I was referring to the '3.2 info element'. For the discussion of glyph substitution in order to support transitional designs, I understand why you got cold feet. I was thinking only of leveraging the current mechanism in the design space file for specifying glyph substitutions in instances. I now take your point that for variable fonts, this substitution is only a small subset of the problem of how to specify GPOS and GSUB that are conditional on design space points. With this in mind, I think it would be a mistake to try to duplicate all the possible GPOS/GSUB lookup specifications in the design space file. Maybe it would still be useful to specify sets of rules in the design space file, but after thinking about your point, I suspect it would be better to specify all this stuff in the feature file syntax.

#60 adds support for reading and writing axis elements, removes many log calls and fixes a problem with a ufo3 attribute called in a ufo2 context.

#61 Bender object was not processing the axes data. Fixed. More tests added.

It might be useful if MutatorMath also respects the info element in a master as an indication that this one needs to be the neutral/default/origin. If no master has this info element, then mutatorMath can use the method to pick one as does now.

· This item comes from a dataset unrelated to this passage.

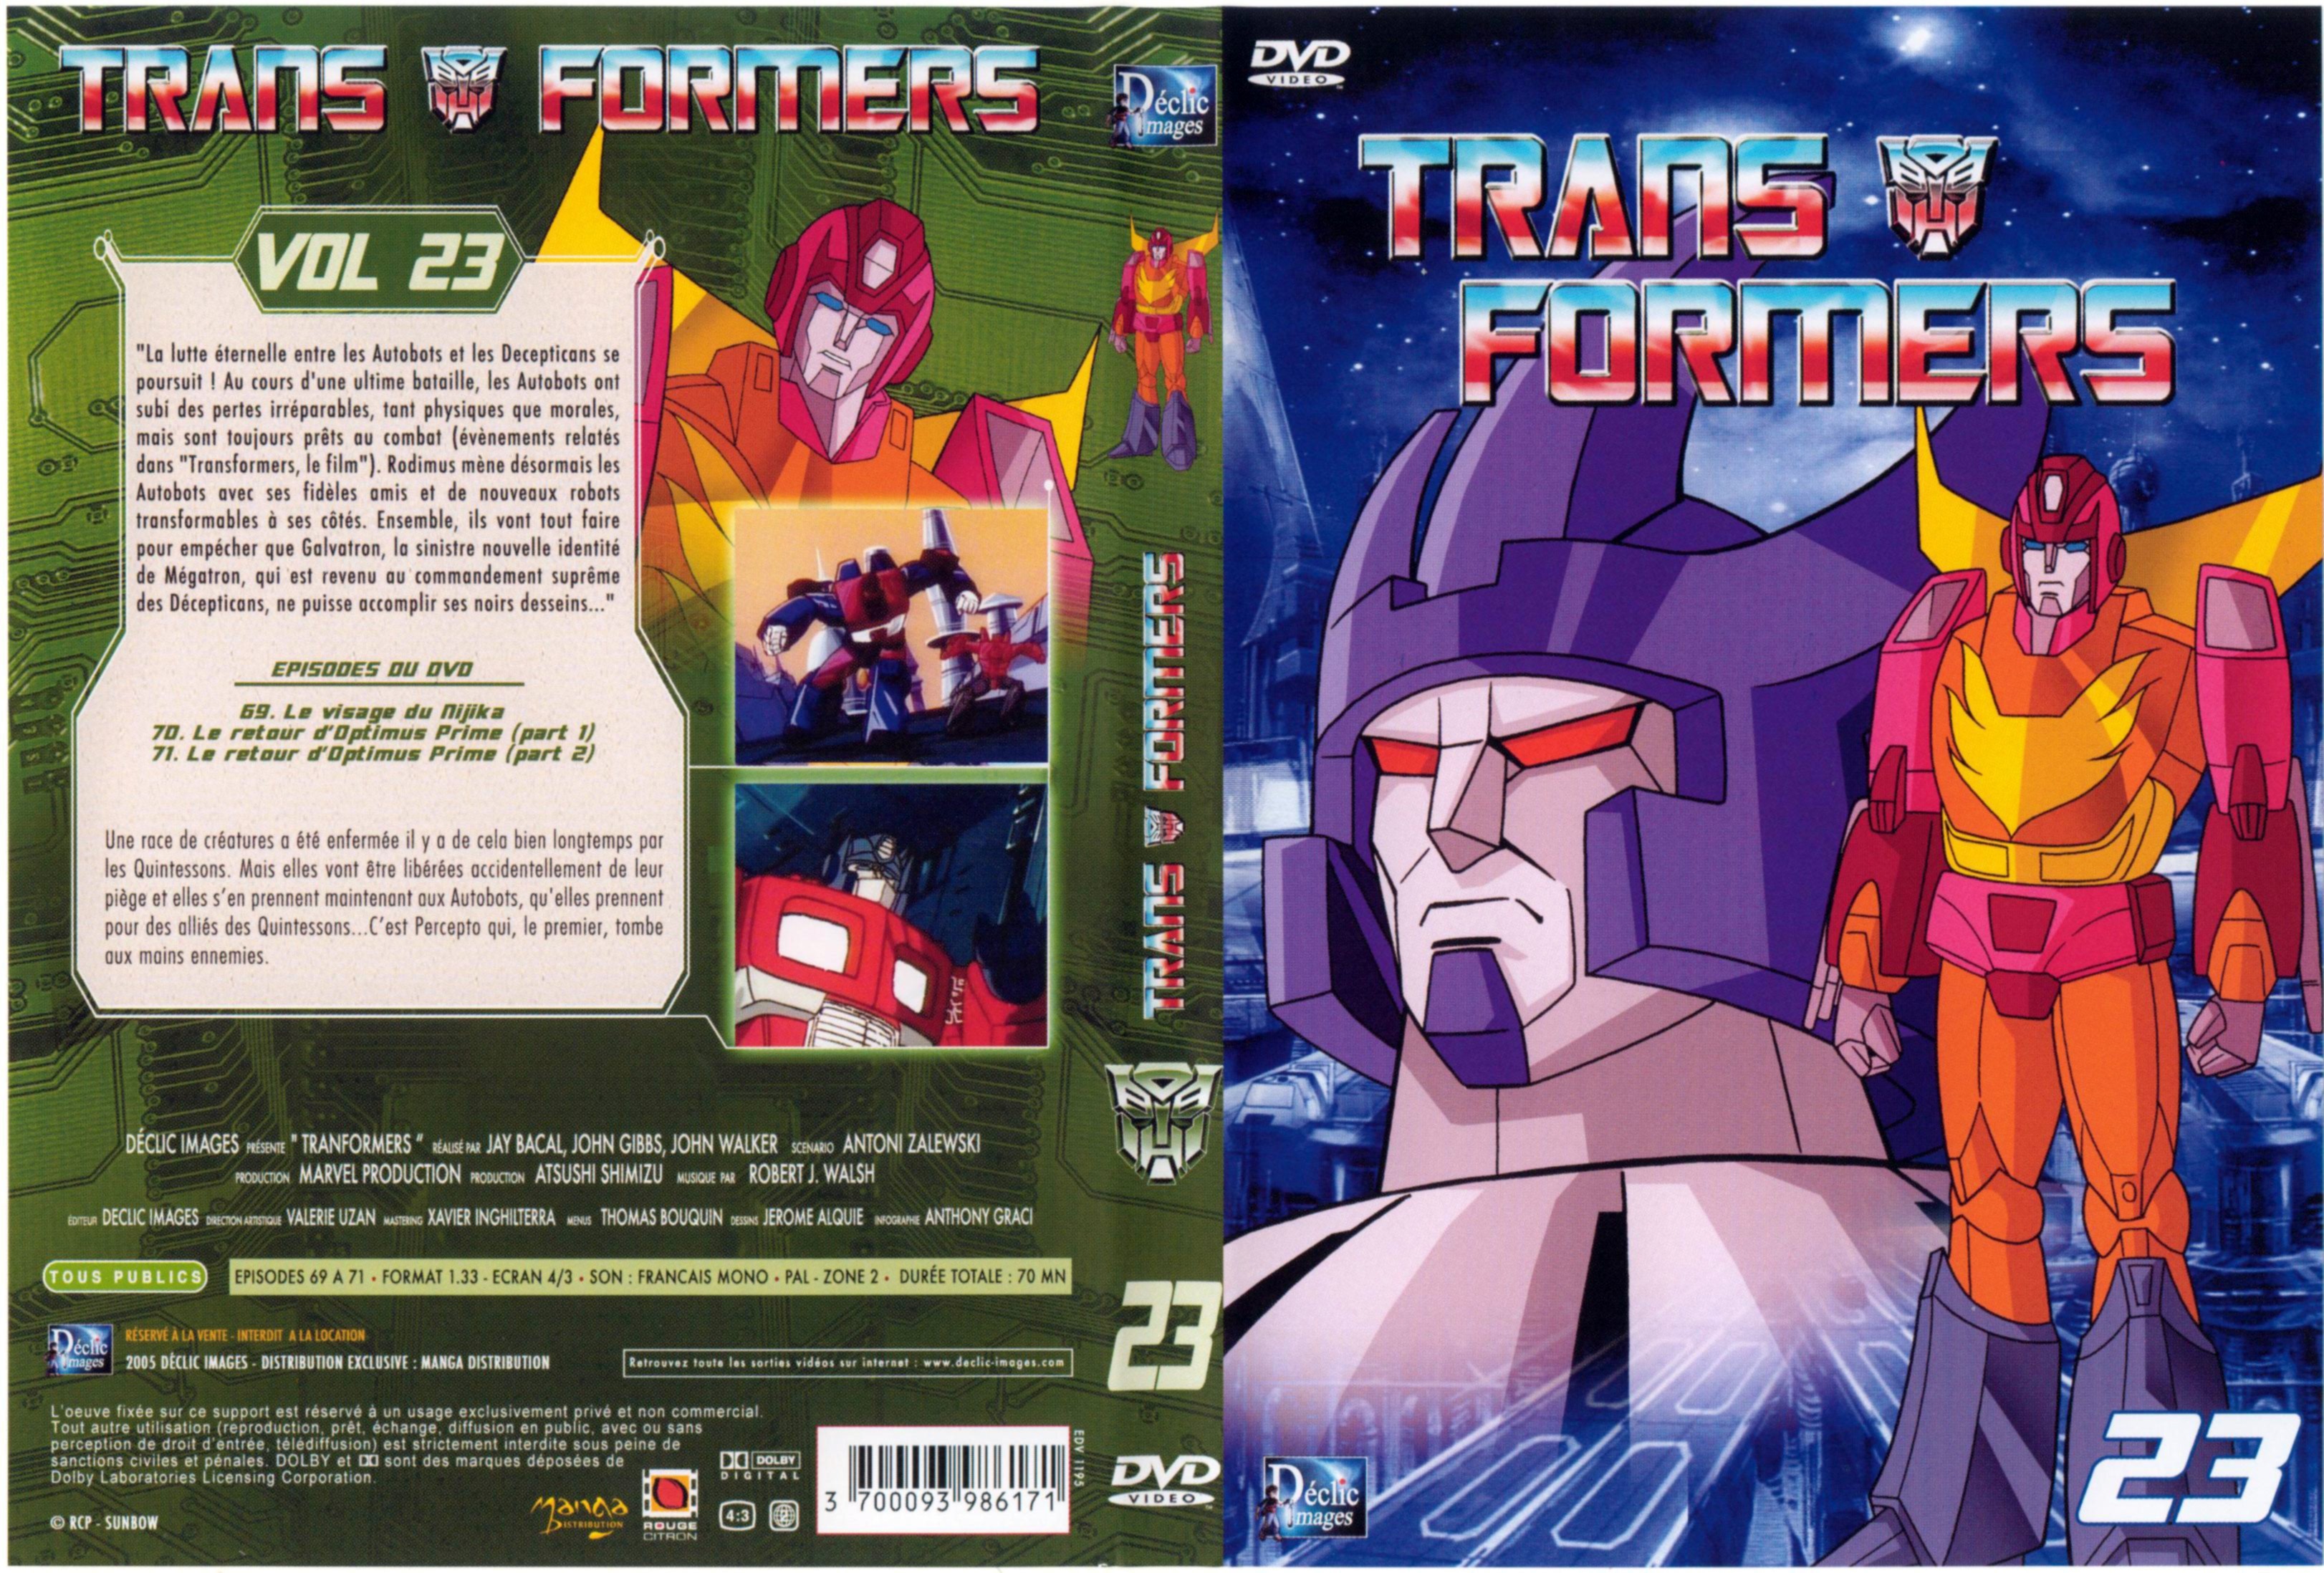 Jaquette DVD Transformers vol 23
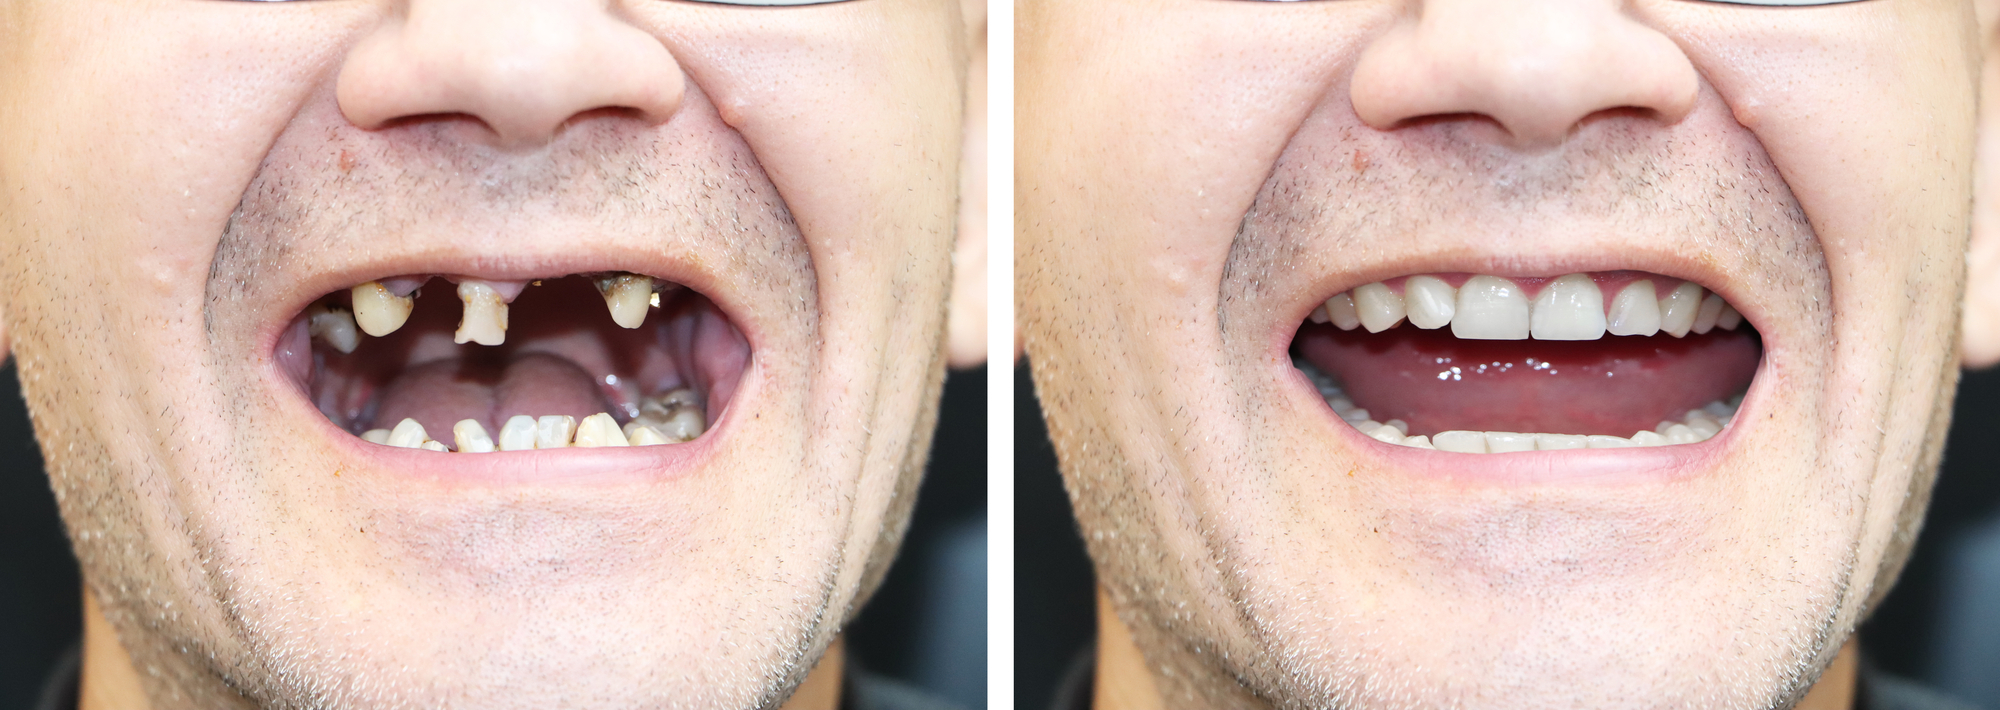 Dental Veneers Teeth Before and After: Real-Life Examples

One objection to this might be that there might be pre-variable-font designspaces in use in which the mutator-assigned default is not the master that has the info element set. Such systems might have different results. But I don't know how much bother this really would be. I don't want to introduce undocumented, unexpected results in systems that used to work.

Alternatively we can decide to define a separate attribute to the designspace source element that marks that source as the default.

Closing this issue. If there is more to discuss about designspaces, let's do that there.